Provided data -
· · · · · · ·

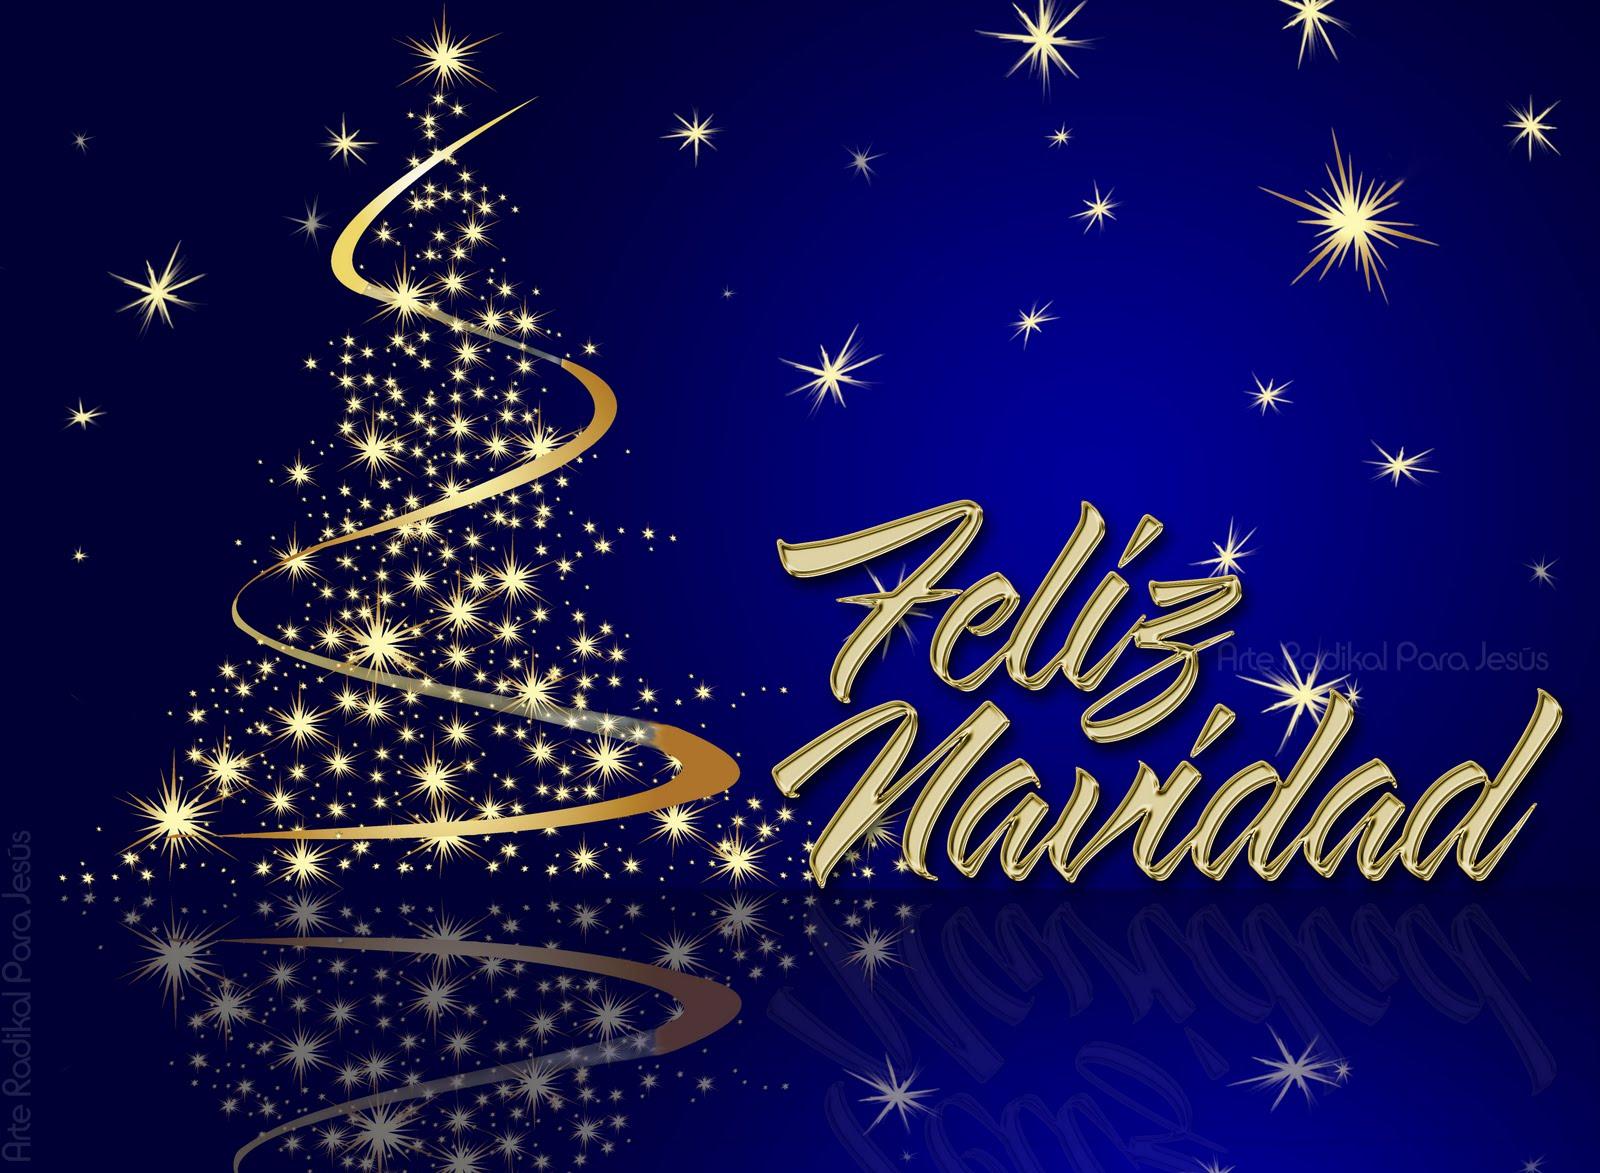 Arte radikal para jes s wallpaper de navidad - Deseos de feliz navidad ...
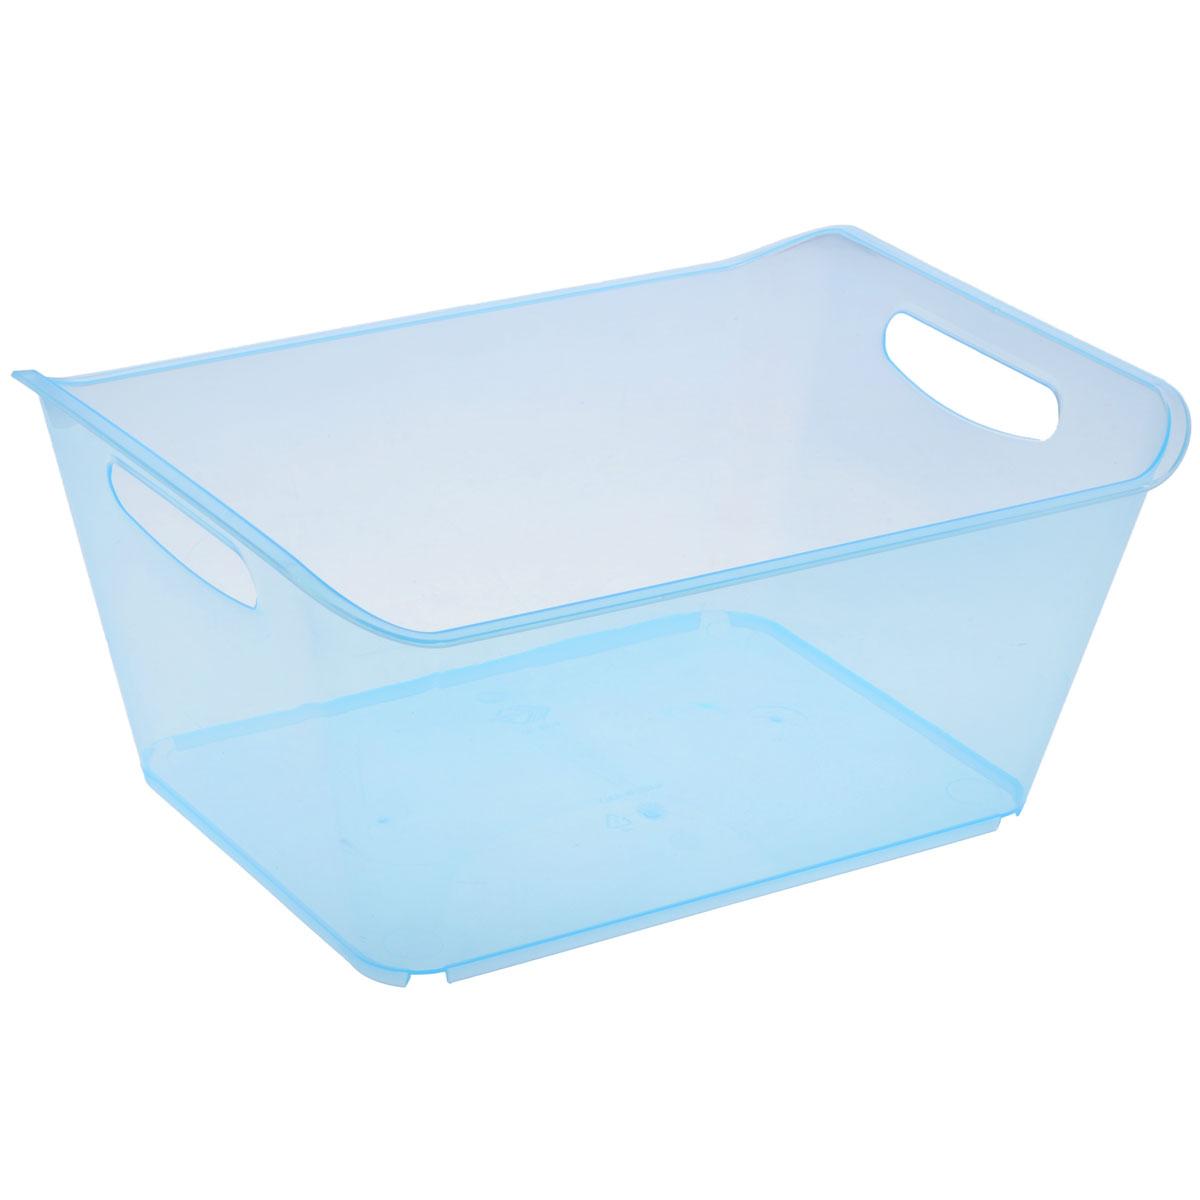 Контейнер Gensini, цвет: голубой, 10 л3332_голубойКонтейнер Gensini выполнен из прочного пластика. Он предназначен для хранения различных мелких вещей в ванной, на кухне, даче или гараже, исключая возможность их потери. По бокам контейнера предусмотрены две удобные ручки для его переноски. Контейнер поможет хранить все в одном месте, а также защитить вещи от пыли, грязи и влаги. Объем: 10 л.
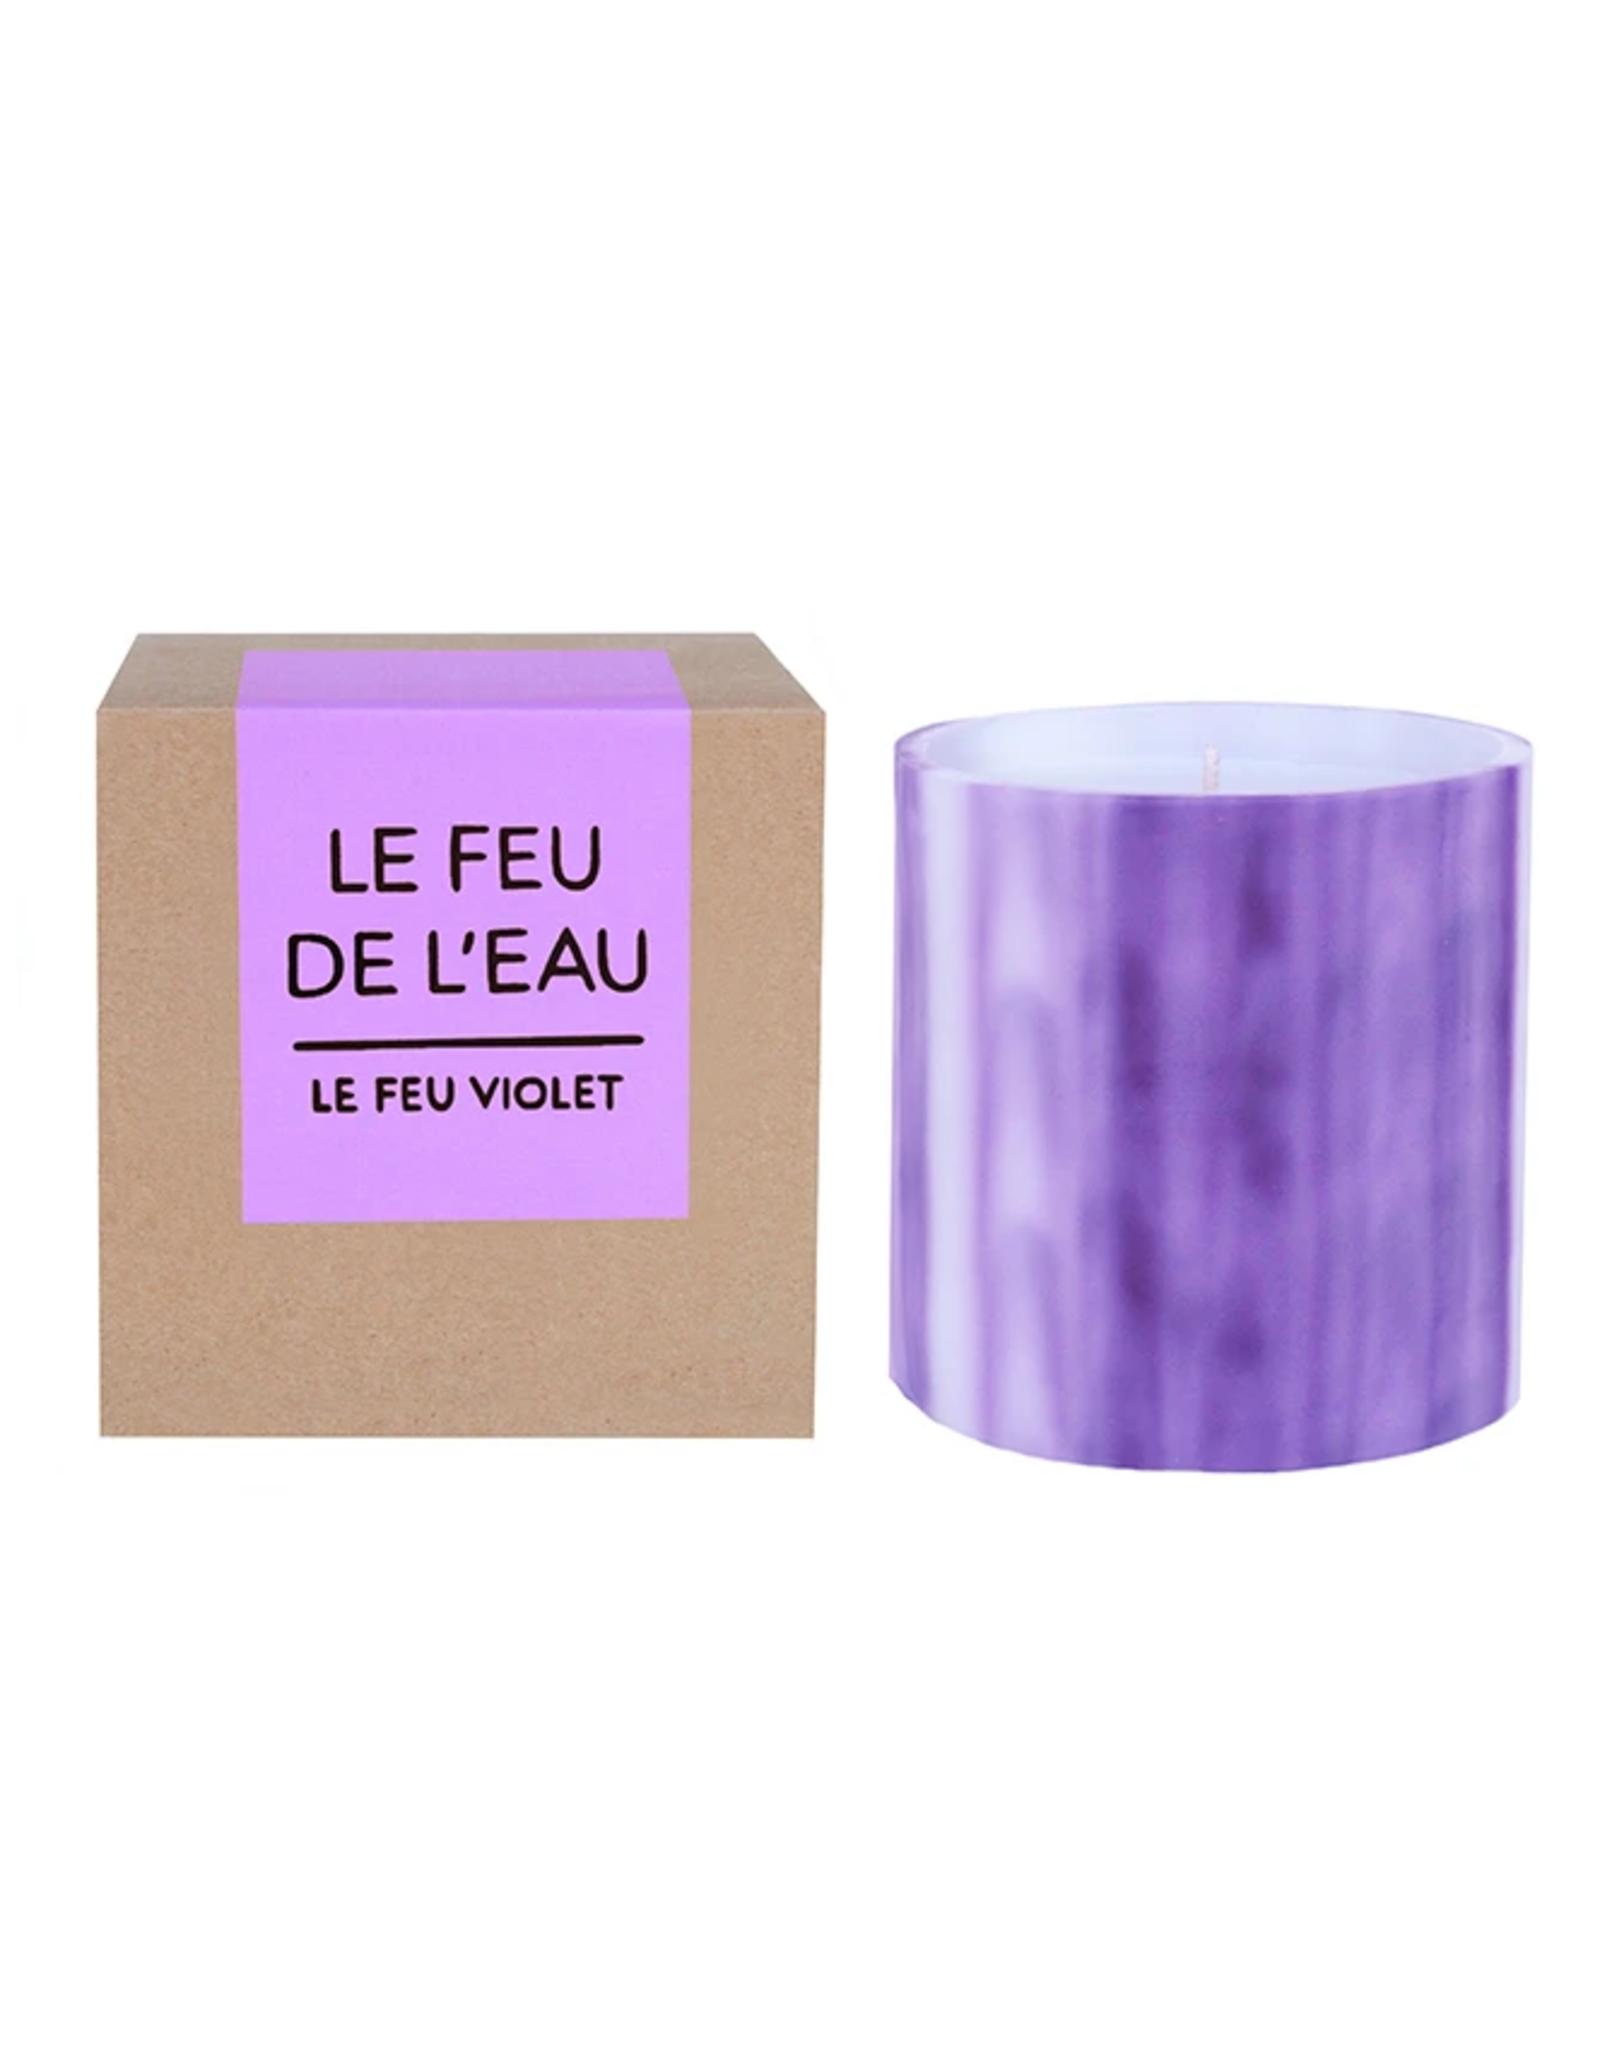 Le Feu De L'Eau Le Feu Violet Candle

· · · · · · ·

Try it - From the first line to the last, set down the data exactly, without the pictures.

Response -
 Arte radikal para jes s wallpaper de navidad - Deseos de feliz navidad ...
 Контейнер Gensini, цвет: голубой, 10 л3332_голубойКонтейнер Gensini выполнен из прочного пластика. Он предназначен для хранения различных мелких вещей в ванной, на кухне, даче или гараже, исключая возможность их потери. По бокам контейнера предусмотрены две удобные ручки для его переноски. Контейнер поможет хранить все в одном месте, а также защитить вещи от пыли, грязи и влаги. Объем: 10 л.
 Le Feu De L'Eau Le Feu Violet Candle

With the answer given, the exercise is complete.